The machine bureaucracy has highly routine operating
tasks, very formalized rules and regulations, tasks that are grouped into
functional departments, centralized authority, decision making that
follows the chain of command, and an elaborate administrative structure
with a sharp distinction between line and staff activities.
Rules and regulations permeate the entire structure. While
not explicitly evident from the organizational chart, the key part of this
design is the technostructure. That's because this is where the staff
analysts who do the standardizing--the time-and-motion engineers,
job-description designers, planners, budgeters, accountants, auditors,
systems-and-procedures analysts-are housed (Griffin, 1990; Robbins, 1987).

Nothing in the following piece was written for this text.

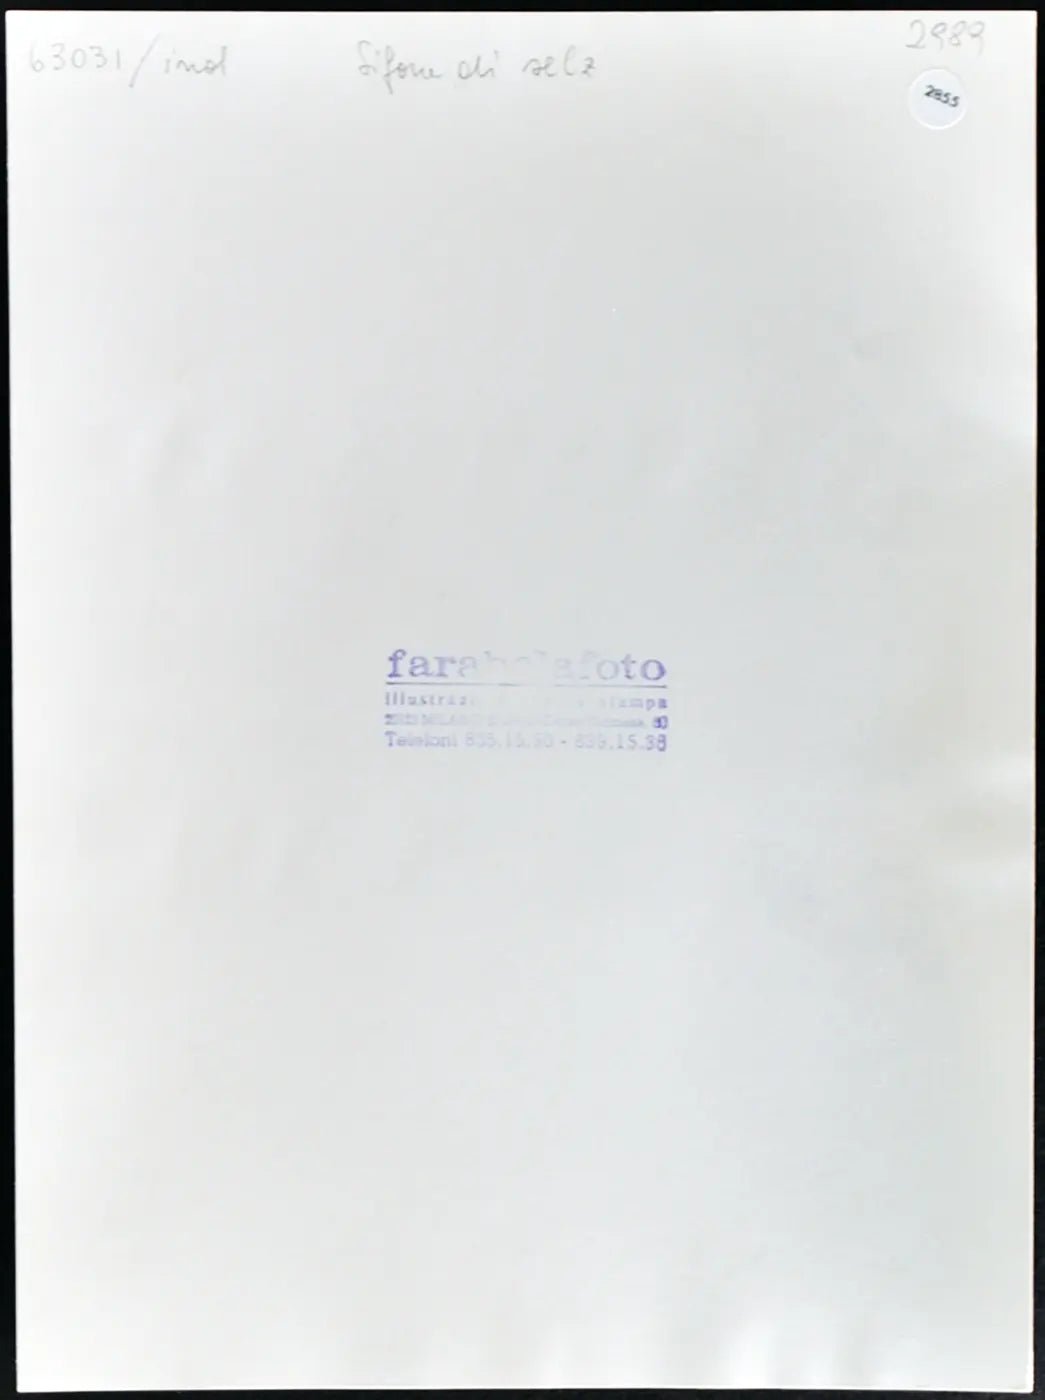 Sifone di selz anni 60 Ft 2855 - Stampa 24x18 cm - Farabola Stampa ai sali d'argento

Figure 2 illustrates the machine bureaucracy form. Notice
the reliance on functional departmentalization and related occupational
specialties grouped together. In a machine bureaucracy, activities such as
marketing, research and development, manufacturing, and personnel are
typically grouped under functional executives. These executives oversee
their occupational specialties but are in turn, responsible to a central
headquarters that acts as an overall coordinator (Robbins, 1987).
Strengths and Weaknesses
The primary strength of the machine bureaucracy lies in
its ability to perform standardized activities in a highly efficient
manner. Putting like specialties together results in economies of scale,
minimization of duplication of personnel and equipment, and comfortable
and satisfied employees who have the opportunity to talk "the same
language" among their peers. Further, machine bureaucracies can get
by nicely with less talented-and, hence, less costly-middle- and
lower-level managers. The pervasiveness of rules and regulations
substitute for managerial discretion. Standardized operations, coupled
with high formalization, allow decision making to be centralized. There is
little need, therefore, for innovative and experienced decision makers
below the level of senior executives.
One of the major weaknesses of the machine bureaucracy is
illustrated in the following dialogue between four executives in one
company: "Ya know, nothing happens in this place until we produce
something," said the production executive. "Wrong,"
commented the research-and-development manager, "nothing happens
until we design something!" "What are you talking about?"
asked the marketing executive. "Nothing happens here until we sell
something!" Finally, the exasperated accounting manager responded,
"It doesn't matter what you produce, design, or sell. No one knows
what happens until we tally up the results!"
This conversation points up the fact that specialization
creates subunit conflicts. Functional unit goals can override the overall
goals of the organization. The other major weakness of the machine
bureaucracy is something we've all experienced at one time or another when
having to deal with people who work in these organizations: obsessive
concern with following the rules. When cases arise that don't precisely
fit the rules, there is no room for modification. The machine bureaucracy
is efficient only as long as employees confront problems that they have
previously encountered and for which programmed decision rules have
already been established (Robbins, 1987).
When Should You Use It
The machine bureaucracy is most efficient when matched
with large size, a simple and stable environment, and a technology that
contains routine work that can be standardized. You see its effectiveness
when you go into the main post office in any major city. Employees are
assigned specific responsibilities-sorting letters and packages, making
local deliveries, picking up mail from deposit boxes, and the like.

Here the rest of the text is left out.